Shengjing Hospital of China Medical University, No. 36, Sanhao Street, Shenyang 110004, China.
Shengjing Hospital of China Medical University, No. 36, Sanhao Street, Shenyang 110004, China.
J Pharm Biomed Anal. 2022 Apr 1;212:114517. doi: 10.1016/j.jpba.2021.114517. Epub 2021 Dec 9.
In this study, an ultra-performance liquid chromatography-tandem mass spectrometry (UPLC-MS/MS) method was developed to simultaneously detect 15 targeted anti-cancer drugs: aletinib, afatinib, apatinib, icotinib, dasatinib, erlotinib, gefitinib, crizotinib, lapatinib, regorafenib, ceritinib, sorafenib, vemurafenib, imatinib, and N-desmethyl imatinib. Plasma samples were processed using a new magnetic solid phase extraction technique to extract each drug. The 15 analytes and four isotope internal standards were separated using an Agilent Eclipse XDB-C18 column (50.0 × 2.1 mm, 1.7 µm) with water containing 0.1% formic acid and acetonitrile as the mobile phase. The method verification included specificity, calibration curves, carryover, accuracy, crosstalk, precision, stability, recovery, dilution integrity, and matrix effects. The results showed that the developed UPLC-MS/MS method met the requirements of the U.S. Food and Drug Administration guidelines for methodological validation and could be used to monitor plasma concentrations. The response function was established for concentration range of 2.5-2500.0 ng/mL for aletinib, afatinib, apatinib, icotinib, dasatinib, crizotinib, regorafenib, vemurafenib, and N-desmethyl imatinib and 10.0-10,000.0 ng/mL for erlotinib, ceritinib, imatinib, sorafenib, gefitinib, and lapatinib, with a coeffificient of correlation of > 0.9977 for all the compounds. The precision and accuracy of all the analytes were < 6.88% and 5.29%, respectively. The percentage recovery and matrix effect of all the analytes were 91.3-103% and 93.8-102% for three QC concentrations levels. The recovery and matrix effect for all the ISs ranged from 93.7% to 98.8% and 94.6-101%. Meanwhile, we also found that the plasma concentrations of these targeted anti-cancer drugs showed large individual differences, which is not conducive to the treatment of tumors. Therefore, therapeutic drug monitoring (TDM) of these 15 targeted anti-cancer drugs is necessary, and this method could be used for TDM and exploration of pharmacokinetics of the aforementioned 15 targeted anti-cancer drugs.

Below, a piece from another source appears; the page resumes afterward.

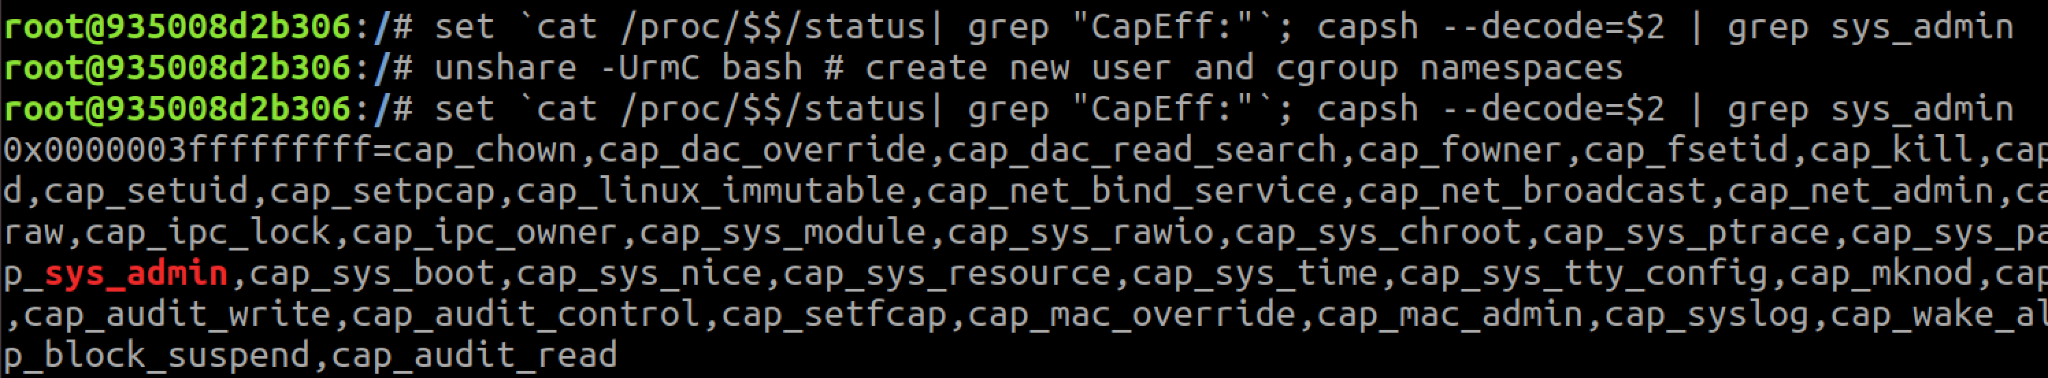 コンテナがCAP_SYS_ADMINケイパビリティを持つ新たなユーザー名前空間を作成しているところ

在这项研究中,建立了一种超高效液相色谱-串联质谱(UPLC-MS/MS)方法,用于同时检测 15 种靶向抗癌药物:阿来替尼、阿法替尼、阿帕替尼、伊可替尼、达沙替尼、厄洛替尼、吉非替尼、克唑替尼、拉帕替尼、regorafenib、塞瑞替尼、索拉非尼、维莫非尼、伊马替尼和 N-去甲基伊马替尼。采用一种新的磁性固相萃取技术处理血浆样品,以提取每种药物。使用 Agilent Eclipse XDB-C18 柱(50.0×2.1mm,1.7μm),以含有 0.1%甲酸的水和乙腈作为流动相,分离 15 种分析物和 4 种同位素内标。方法验证包括专属性、校准曲线、残留、准确度、串扰、精密度、稳定性、回收率、稀释完整性和基质效应。结果表明,所建立的 UPLC-MS/MS 方法符合美国食品和药物管理局方法验证指南的要求,可用于监测血浆浓度。建立了浓度范围为 2.5-2500.0ng/mL 的阿来替尼、阿法替尼、阿帕替尼、伊可替尼、达沙替尼、克唑替尼、regorafenib、维莫非尼和 N-去甲基伊马替尼,以及浓度范围为 10.0-10000.0ng/mL 的厄洛替尼、塞瑞替尼、伊马替尼、索拉非尼、吉非替尼和拉帕替尼的响应函数,所有化合物的相关系数均>0.9977。所有分析物的精密度和准确度均<6.88%和 5.29%。所有分析物在三个 QC 浓度水平的回收率和基质效应分别为 91.3-103%和 93.8-102%。所有 IS 的回收率和基质效应范围为 93.7%-98.8%和 94.6-101%。同时,我们还发现这些靶向抗癌药物的血浆浓度个体差异较大,不利于肿瘤的治疗。因此,有必要对这些 15 种靶向抗癌药物进行治疗药物监测(TDM),该方法可用于上述 15 种靶向抗癌药物的 TDM 和药代动力学研究。